A Experimental setup for the prophylactic vaccination of mice with DC-based vaccines loaded with GL261 cells treated with PS-PDT (PS at a dose of 1.4 µM). As controls, we used DC-based vaccines loaded with GL261 cells subjected to F/T cycles or treated with 2.0 µM MTX or mire were injected with PBS. The mice were injected on days 0 and 7, and seven days after the last vaccination they were intracranially injected with viable GL261 cells using stereotactic coordinates. B The curve represents the survival of mice in the four treatment groups of 6–7 mice per group for up to 24 days. Statistical significance was determined by the Mantel-Cox logarithmic test, *p < 0.01. C Diffusion-weighted tomography images for determining tumor volume (n = 6–7 per group). Statistical significance was determined by unpaired Mann–Whitney U test, *p < 0.05. D, E Temporal progression of neurological deficits in mice treated as described in (A). The neurological status of the mice for up to day 22 after intracranial tumor inoculation. The percentage of mice after intracranial tumor inoculation in the DC + PS-PDT or DC + MTX group showed a significant difference in the degree of neurological alterations (grades 0–4); n = 6–7 per group; *p < 0.01, a statistically significant difference from the PBS group; ^#statistically significant difference from the F/T group; Wilcoxon test.

Although prophylactic vaccination is valuable for the analysis of molecular mechanisms, it does not reflect the actual clinical situation when patients are therapeutically vaccinated. Therefore, we tested the effectiveness of DC-GL261_PS-PDT vaccines in the therapeutic orthotopic mouse model (Suppl. Fig. 3A). We found that four consecutive DC-GL261_PS-PDT or DC-GL261_MTX vaccine injections significantly increased the median survival of glioma-inoculated mice by about 38% (37 days versus 51 days, p < 0.02) and also resulted in about 66% more long-term cured survivors compared to mice injected with PBS (Suppl. Fig. 3B). This finding was confirmed by analysis of neurological scores, ex vivo MRI and histological analysis (Suppl. Fig. 3C–F). To further examine the adaptive immune response induced in the therapeutic setting by DC-GL261_PS-PDT vaccines, we performed immune cell phenotyping of the isolated draining lymph nodes of vaccinated mice. Interestingly, we found that the draining lymph nodes of mice therapeutically vaccinated with DC-GL261_PS-PDT contained a significantly increased number of CD8⁺T cells compared to the control while the number of DCs and macrophages remain unchanged (Suppl. Fig. 3G).

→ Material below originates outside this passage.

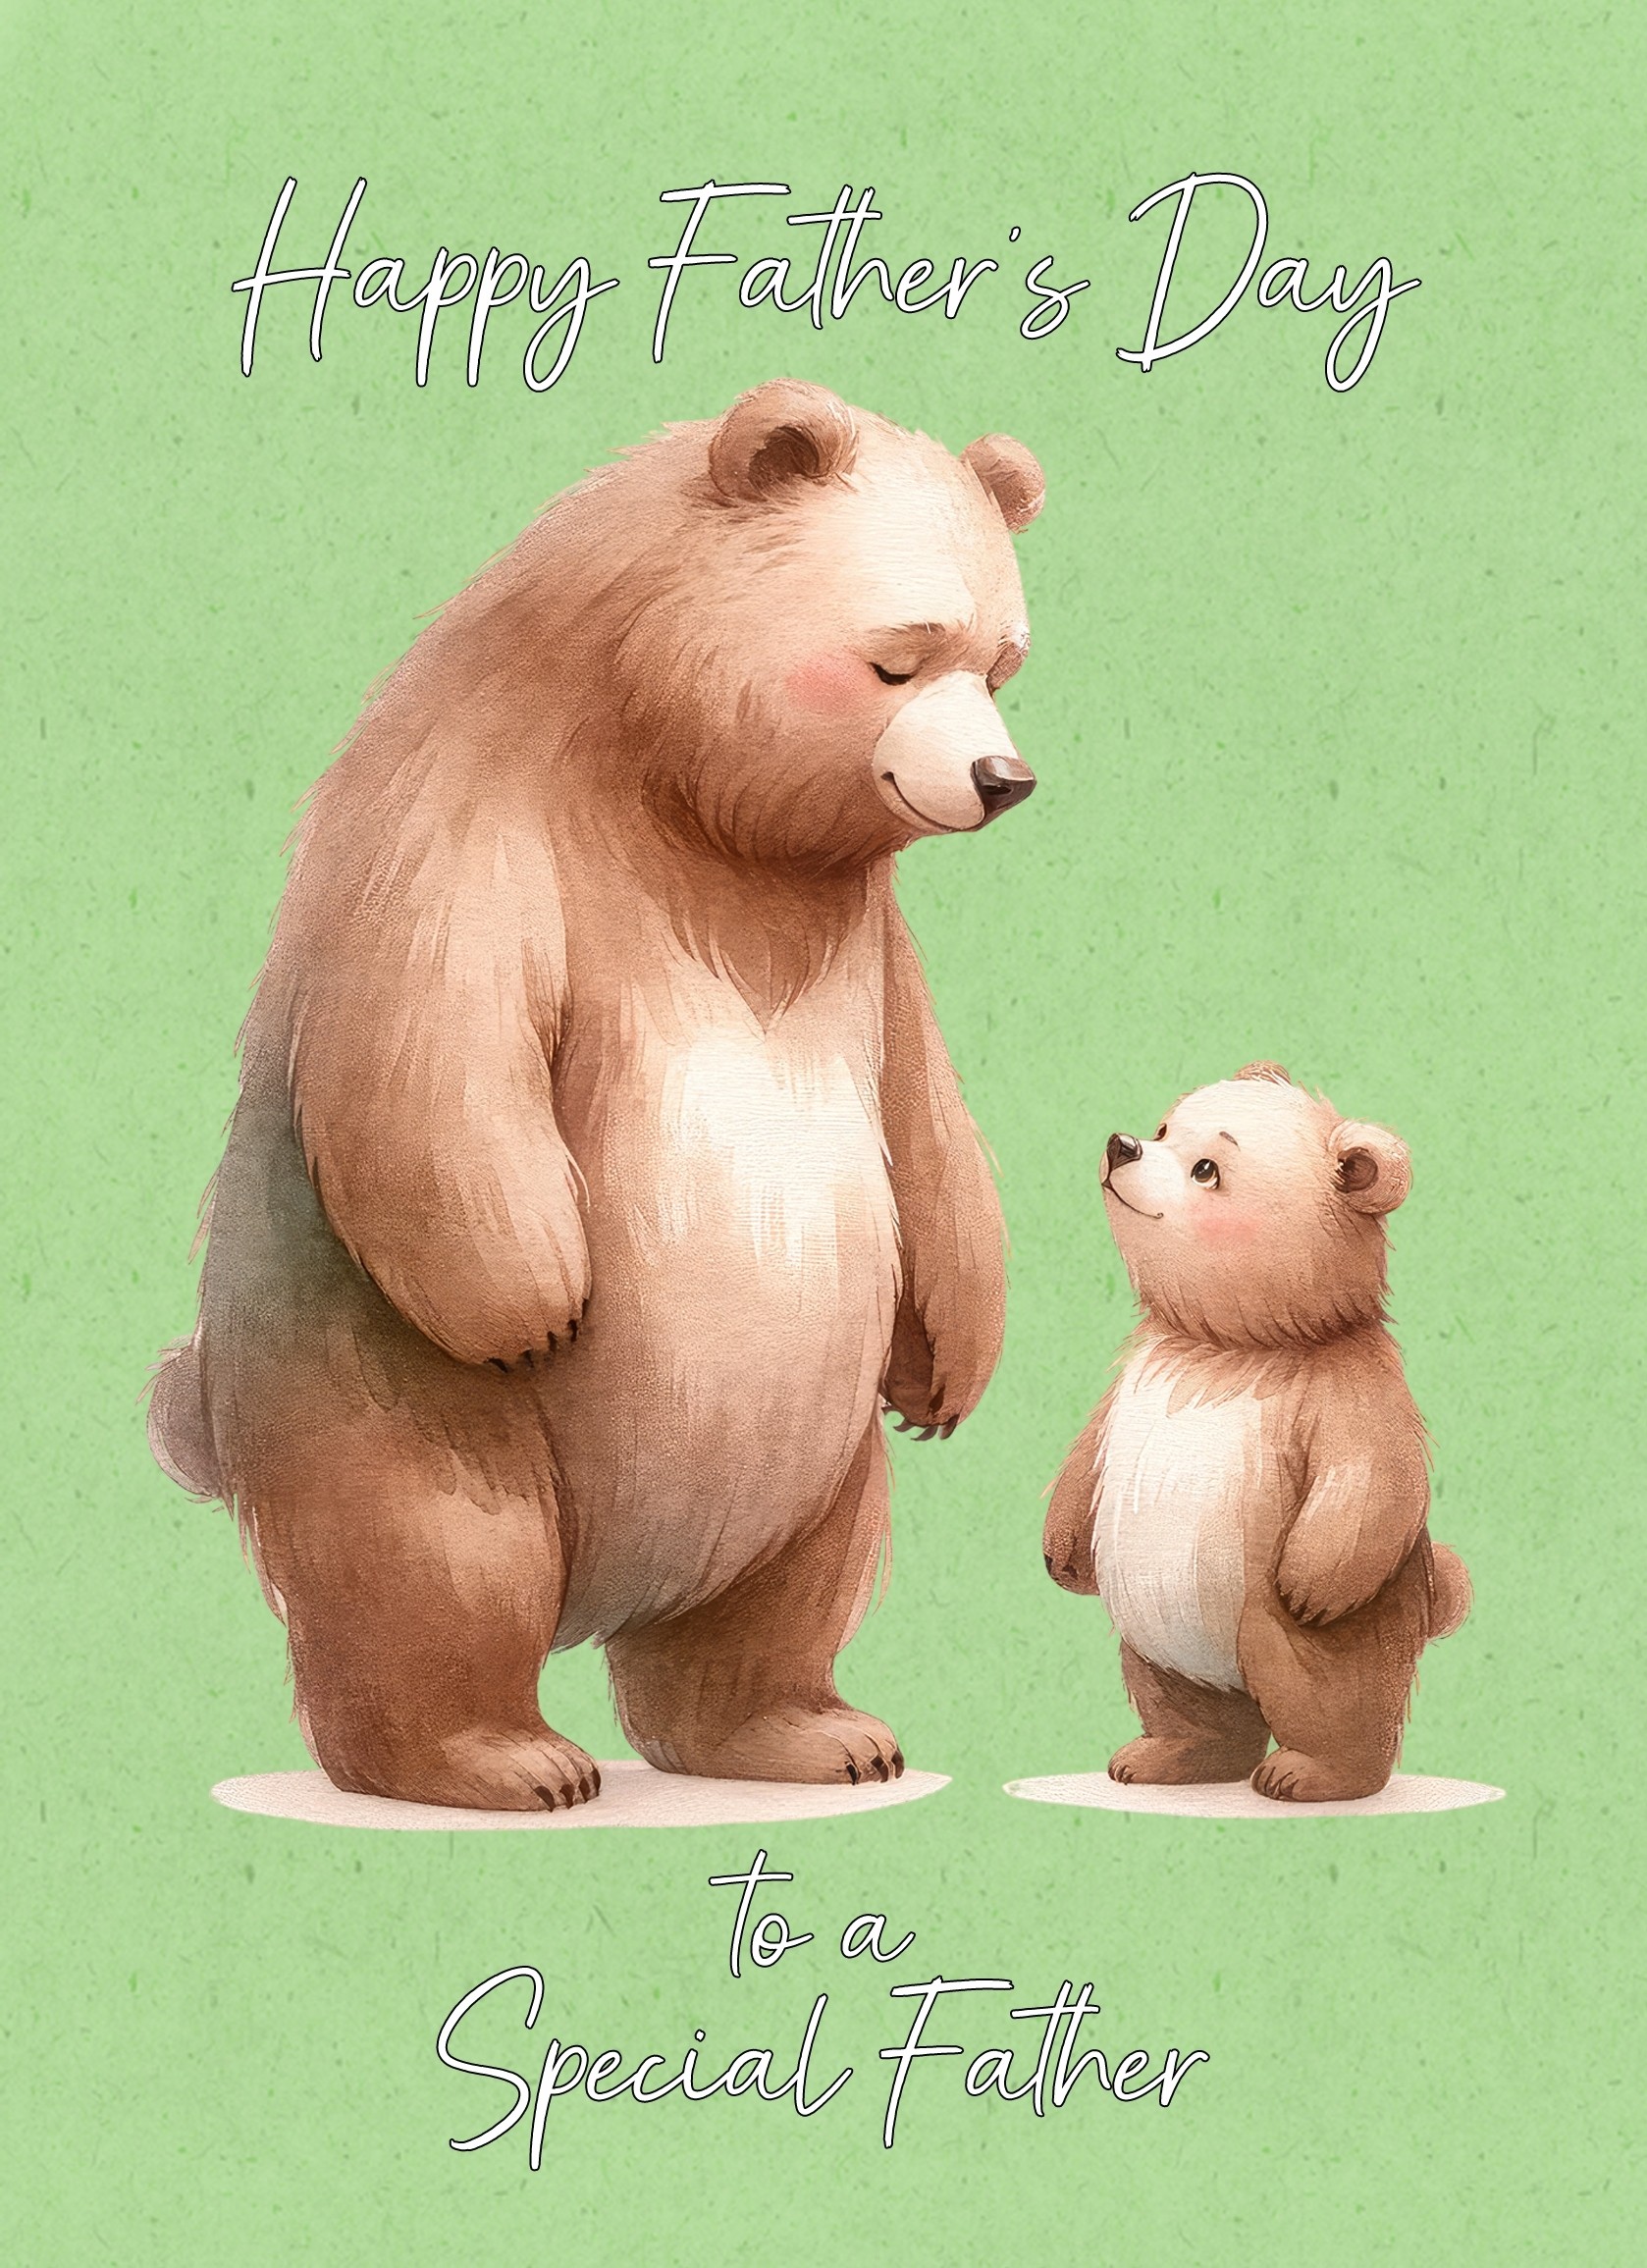 Father and Child Bear Art Fathers Day Card For Father (Design 2)

Glioma cells undergoing immunogenic cell death after PS-PDT induce a Th17 signature in DCs

To identify the pathways induced in DC vaccines after in vitro coculture with dying GL261_PS-PDT or GL261_MTX (positive control), we sequenced the RNA of bone-marrow-derived DCs. Before sequencing, we performed a two-step enrichment for DCs (Fig. 4A). Flow cytometry showed that this resulted in the enrichment of DCs from 11.3% to 85.3% of CD11c⁺ cells.

Fig. 4: RNA sequencing expression analysis of bone marrow-derived dendritic cells (DCs) co-cultured with dying/dead GL261 cells.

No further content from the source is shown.